[Data listing]
_ _ _ _ _

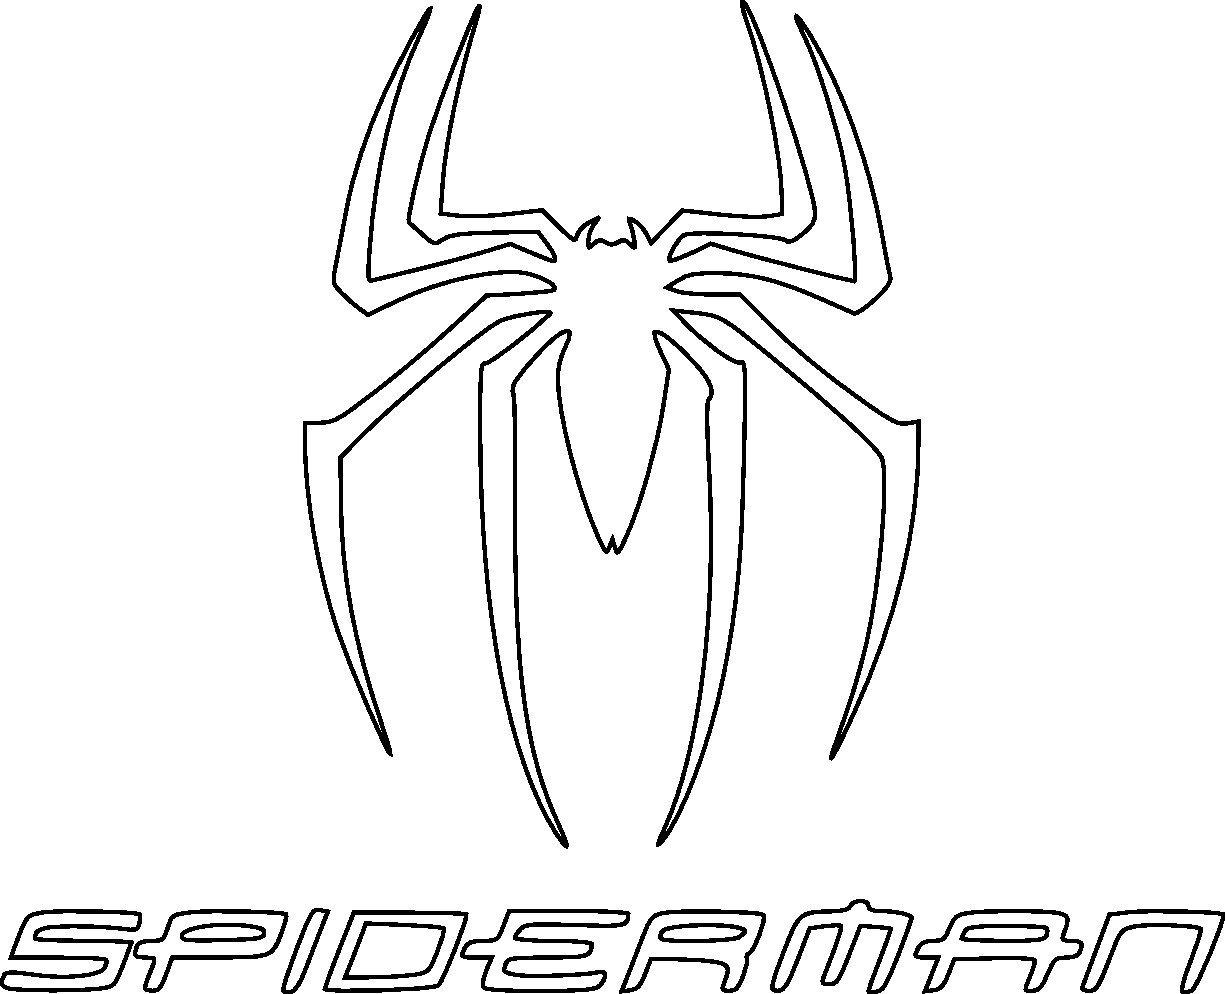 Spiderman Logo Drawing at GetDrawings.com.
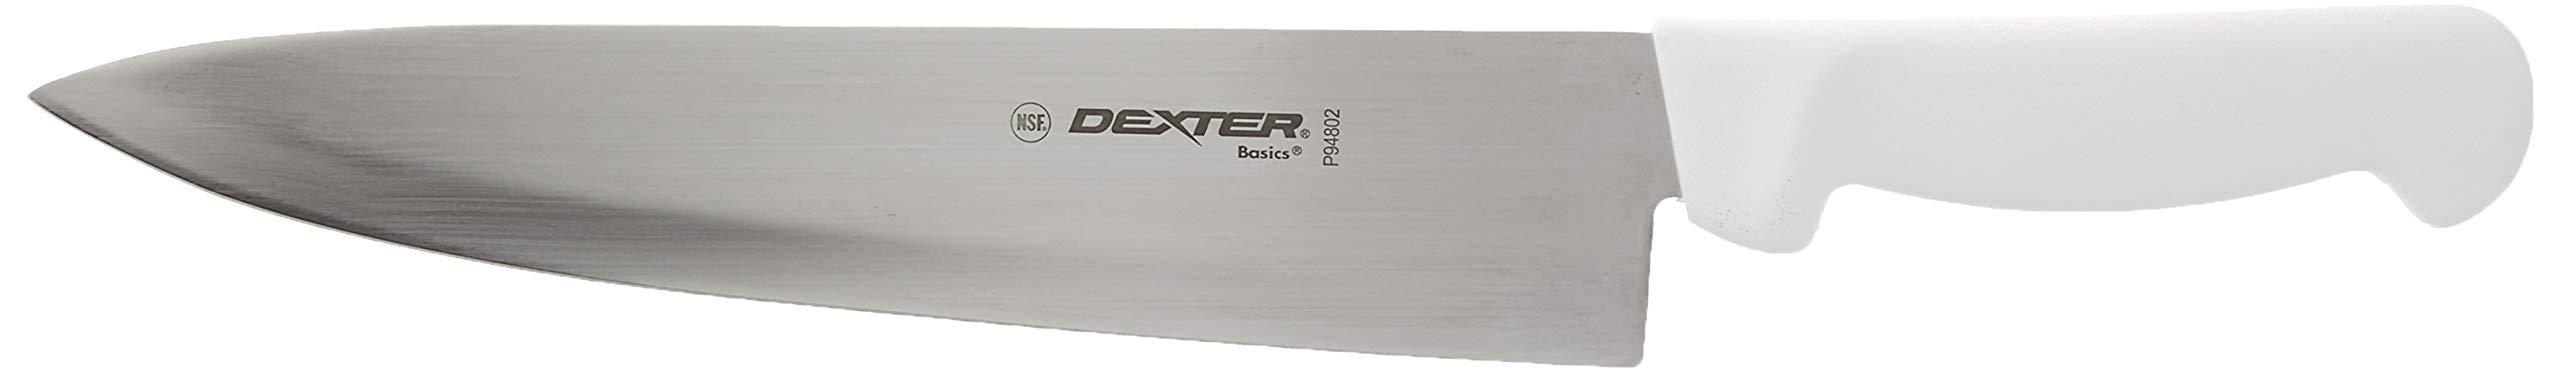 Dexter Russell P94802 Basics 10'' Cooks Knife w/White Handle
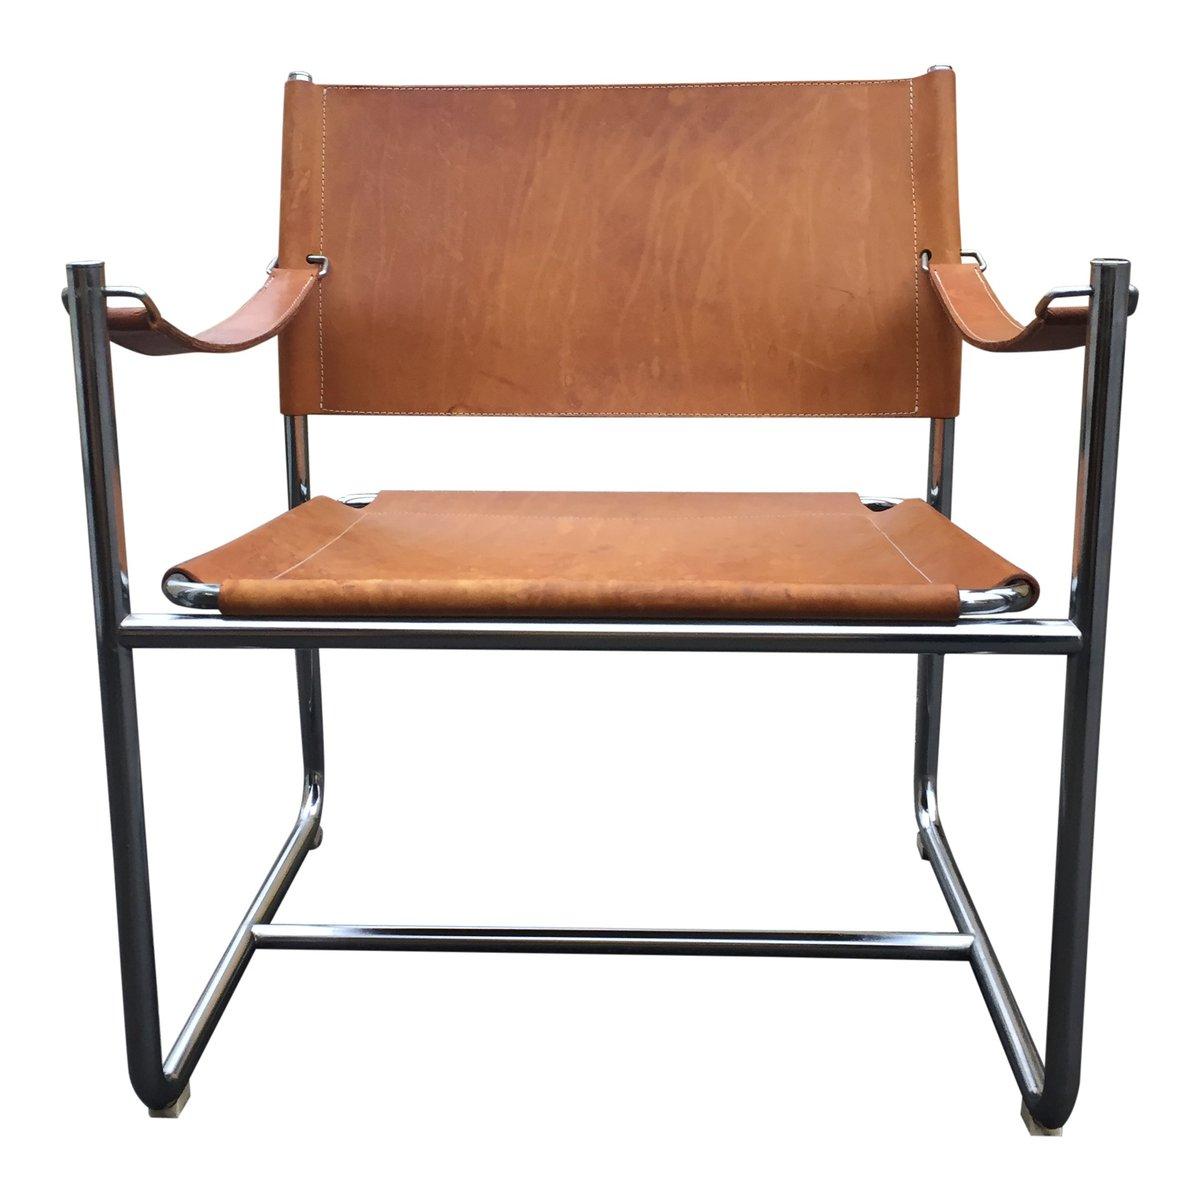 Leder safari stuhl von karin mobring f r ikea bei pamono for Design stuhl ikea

_ _ _ _ _

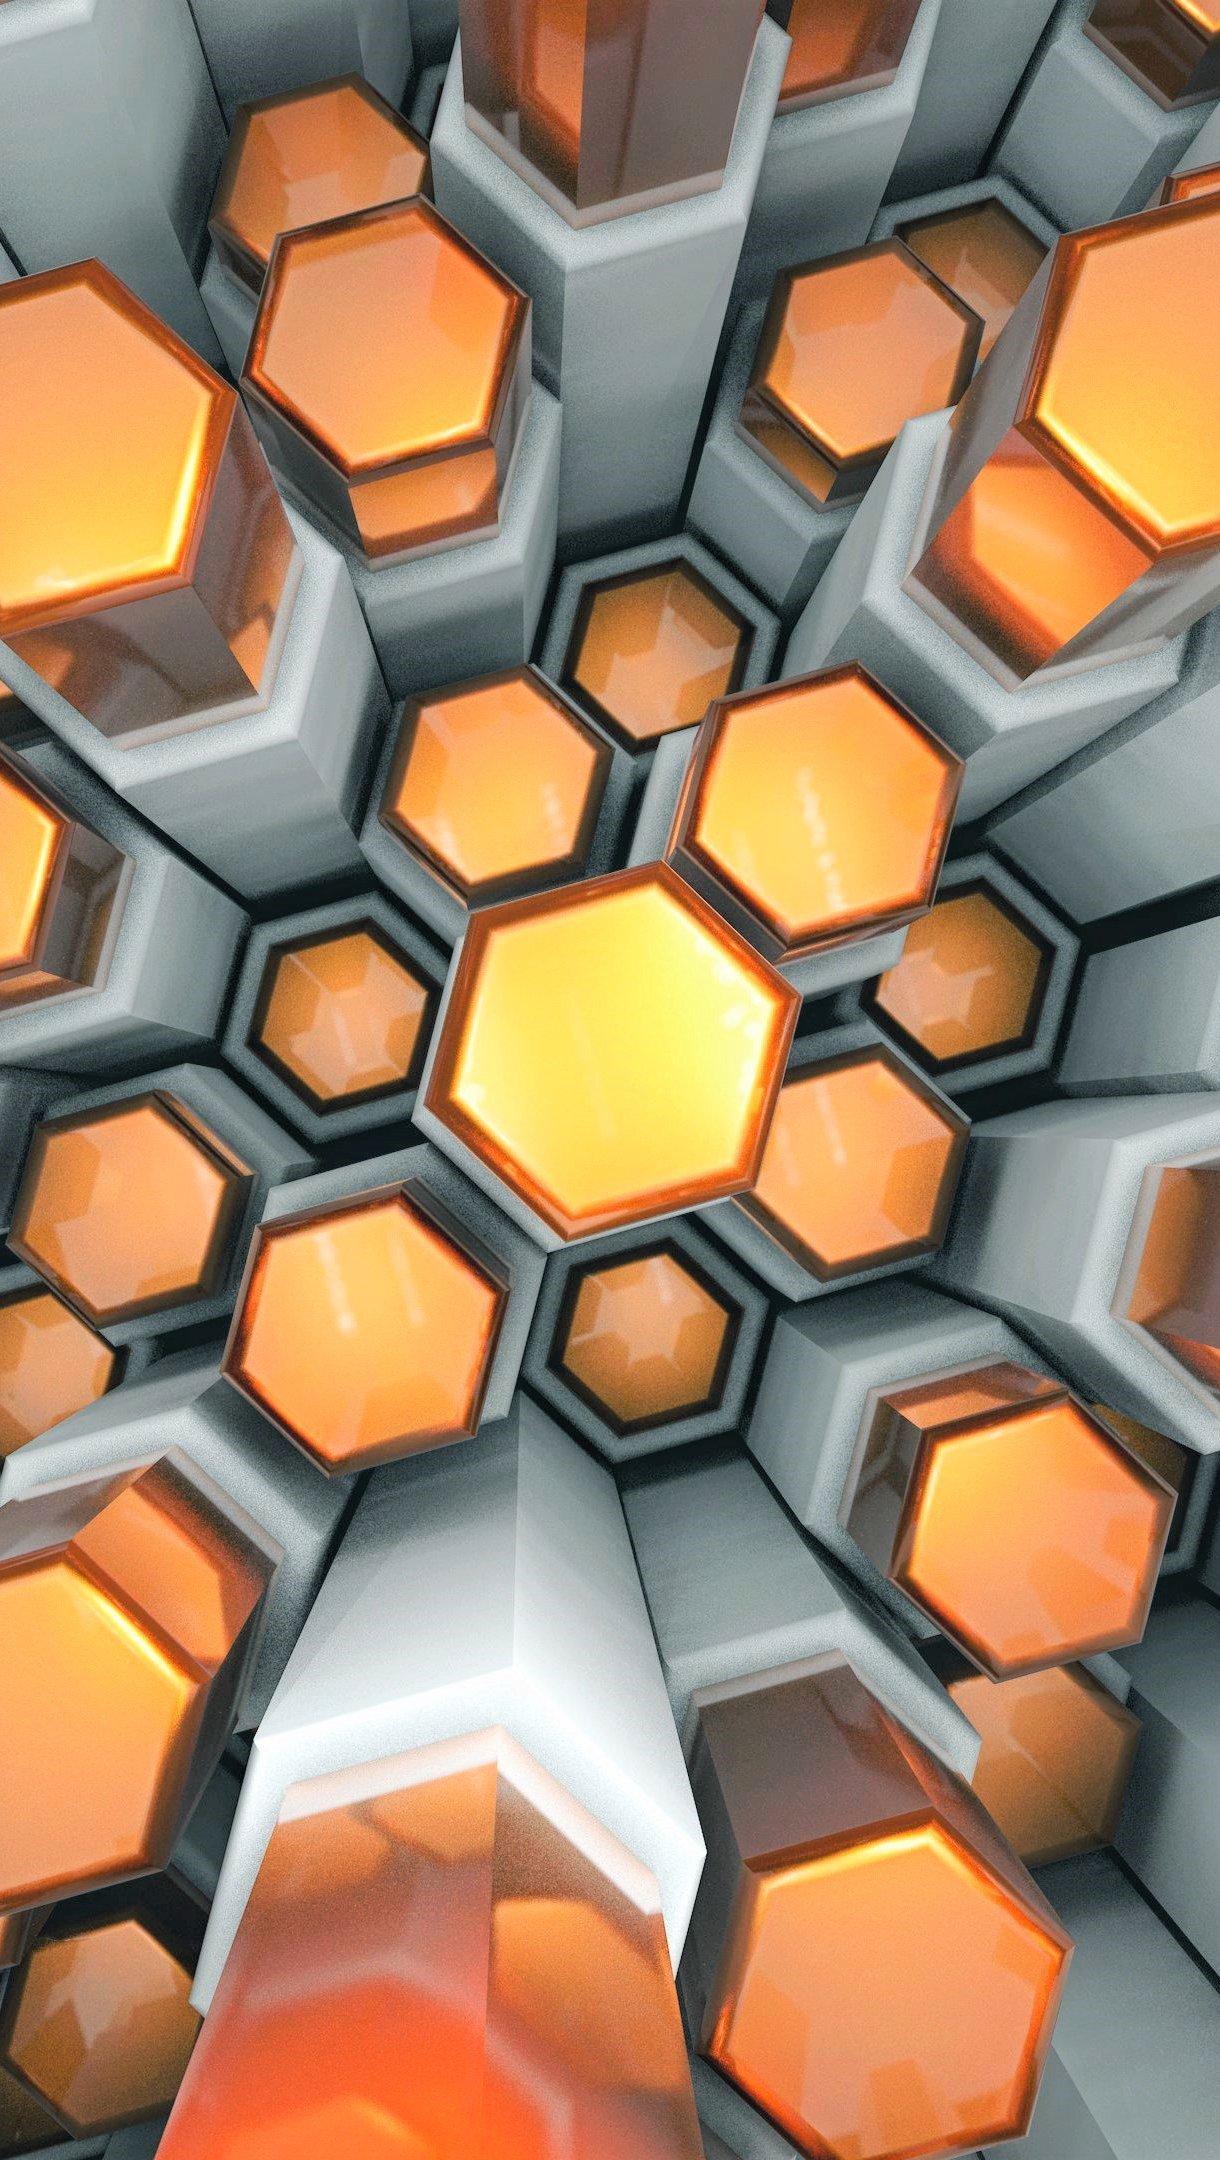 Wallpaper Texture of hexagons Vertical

_ _ _ _ _

[Goal of the exercise]
Return the material from the line containing "Dexter Russell P94802" through the line containing "Leder safari stuhl", exactly and in full, but without its pictures.

[Task solution]
 Dexter Russell P94802 Basics 10'' Cooks Knife w/White Handle
 Leder safari stuhl von karin mobring f r ikea bei pamono for Design stuhl ikea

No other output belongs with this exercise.